Legal Precedent: Ignoring Civilian Massacres

Contemporary international law prohibits “extreme state violence” (including genocide, crimes against humanity, and war crimes). Nonetheless, the extreme violence of settler-colonial and neocolonial states has not been prohibited or criminalized unambiguously in the contemporary international legal system. Settler-colonial states are established through extreme state violence and neocolonial states exercise their power through extreme state violence. Specifically, colonizers of previous centuries and neocolonizers of today perpetrate mass killings. For example, in previous centuries, the United States (U.S.) killed millions of indigenous peoples. More recently, the U.S. conducts a purported “war on terror” in 78 countries, killing at least 4.5 million people (mostly Muslims), and displacing 38 million people. Today, the U.S. is sponsoring Israel’s massacres in Gaza and Lebanon. The contemporary international legal system has not condemned or punished the U.S. for its past massacres or its current ones. 

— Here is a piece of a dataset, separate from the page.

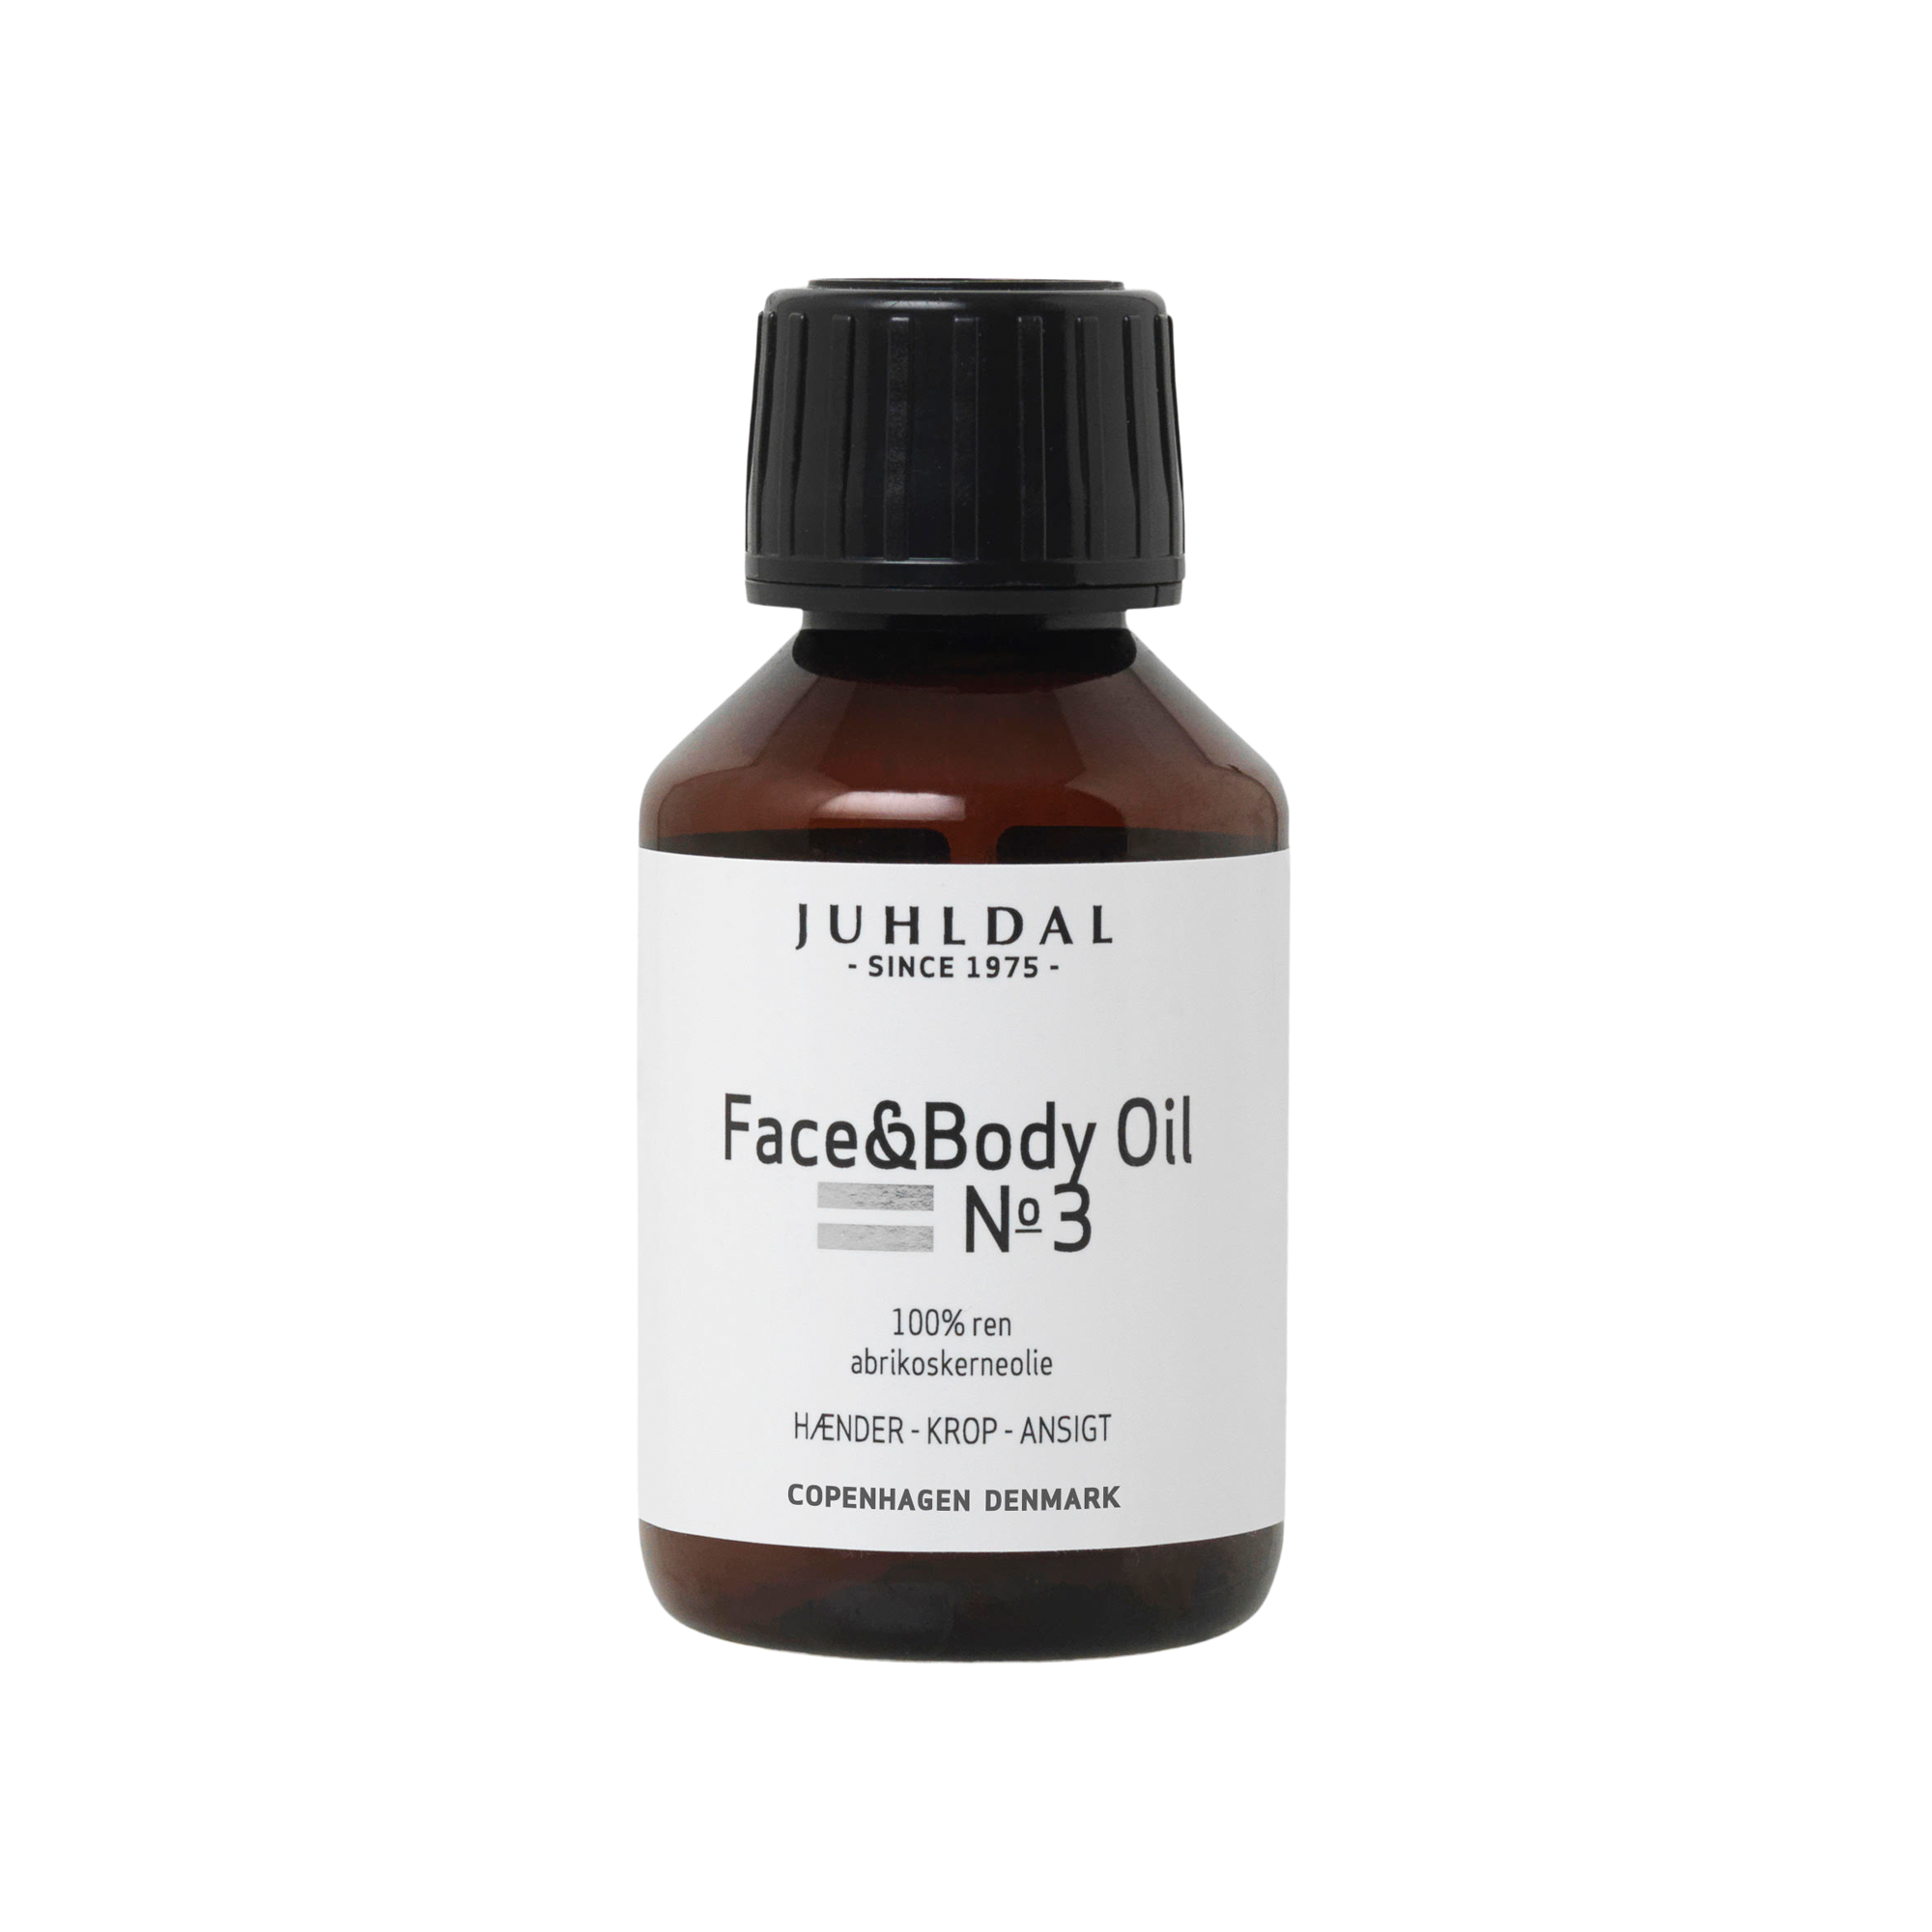 Face & Body Oil NO 3

In the specific case of Palestine, the contemporary international legal system facilitates extreme state violence by legitimating a settler-colonial and neocolonial state (Israel). In 1948, the UN recognized that Zionists massacred Palestinians and declared a Palestinian right to return and reparations in General Assembly Resolution 194, but did not enforce it. (In this essay, Zionism is an ideology that endorses the colonization of Palestine. Zionist colonialism is not limited to Israelis. To emphasize that neocolonial states—including the U.S., the United Kingdom, Germany, and France—support and sustain Israel, I will refer to it as the Zionist colonial state.) Despite condemning an early Zionist massacre of Palestinians, the UN recognized Zionist settler-colonial sovereignty in 1949. The number and magnitude of Zionist massacres has increased with the passage of time. In particular, Gaza has been a concentration camp subjected to massacres and collective punishment for decades. A massacre is not an exceptional event in the history of a settler-colonial state, which manifests its sovereignty by butchering indigenous peoples. The contemporary international legal system has not punished Zionists for any of their past massacres in or near Palestine.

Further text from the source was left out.